Desde la segunda mitad de la década de 1961-70 se generalizó la tesis de que la intervención de ETA debilitaba estructuralmente al movimiento obrero tanto en Hego Euskal Herria como en el Estado español. Su "racismo sabiniano" y su pretensión de imponer el euskara a la población castellano parlante, contradecían los principios socialistas. Luego, conforme transcurrían los años y el franquismo se acercaba a su fin, esta tesis adquirió formas diferentes pero su contenido se mantuvo invariable. Desde diversas posturas, frecuentemente contrarias por cuanto se reclamaban de grandes corrientes internacionales entonces opuestas, se sostenía que la intervención de ETA distraía al movimiento obrero de sus objetivos estratégicos, llevándole por caminos típicos del individualismo pequeño burgués nacionalista; se añadía, además, que dividía al movimiento obrero al no mantener el marco estatal de lucha de clases, y se terminaba diciendo que su acción facilitaba las resistencias de los sectores más reaccionarios del franquismo, atemorizando a los "aperturistas" y limitando las posibilidades de avanzar en la aglutinación de "fuerzas democráticas". Durante la llamada "transición" -transición ¿de dónde a dónde?- las críticas se volvieron más agrias y duras, centrándose en la "degeneración terrorista" de ETA y hasta "contrarrevolucionaria", porque cuestionaba de raíz el "avance de la democracia constitucional".

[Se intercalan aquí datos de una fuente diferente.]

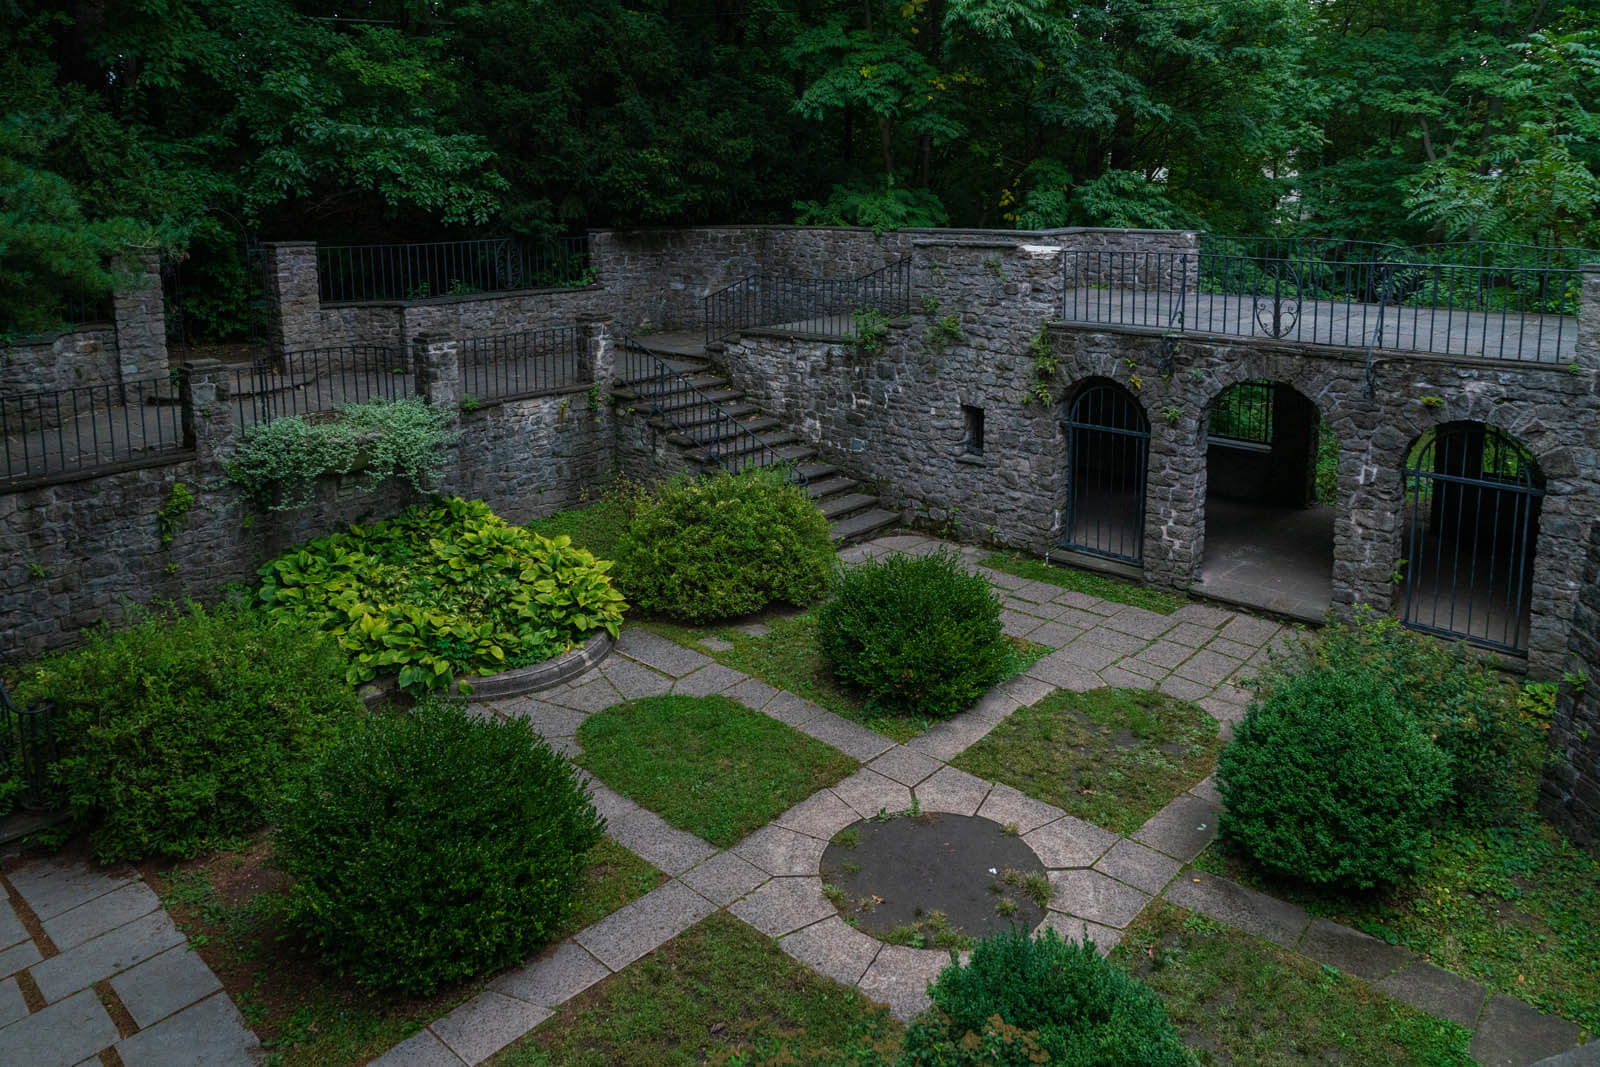 The Sunken Garden at Warner Castle in Highland Park Rochester New York

Desde comienzos de la década de 1981-90, aproximadamente, y conforme se confirmaba la derrota estratégica del movimiento obrero, vendido desde dentro por la sucesión sin fin de claudicaciones del PCE-CCOO y del PSOE-UGT y aplastado desde fuera por una burguesía envalentonada precisamente por esas claudicaciones, las cada vez más pequeñas y debilitadas organizaciones situadas a la izquierda de ambos bloques político-sindicales empezaron a señalar a ETA como una de las causantes de la derrota, correspondiendo al PCE y al PSOE la otra responsabilidad. A la vez, ya en Hego Euskal Herria, las organizaciones que habían roto con ETA en la segunda mitad de la década de 1961-70, argumentaron a lo largo de la década de 1981-90 que la acción de ETA debilitaba estructuralmente a los nuevos movimientos sociales y populares, militarizándolos, negando su especificidad concreta, supeditándolos a objetivos ajenos y exteriores, atrayendo sobre ellos la represión policial y atemorizando a los posibles nuevos miembros de estos colectivos.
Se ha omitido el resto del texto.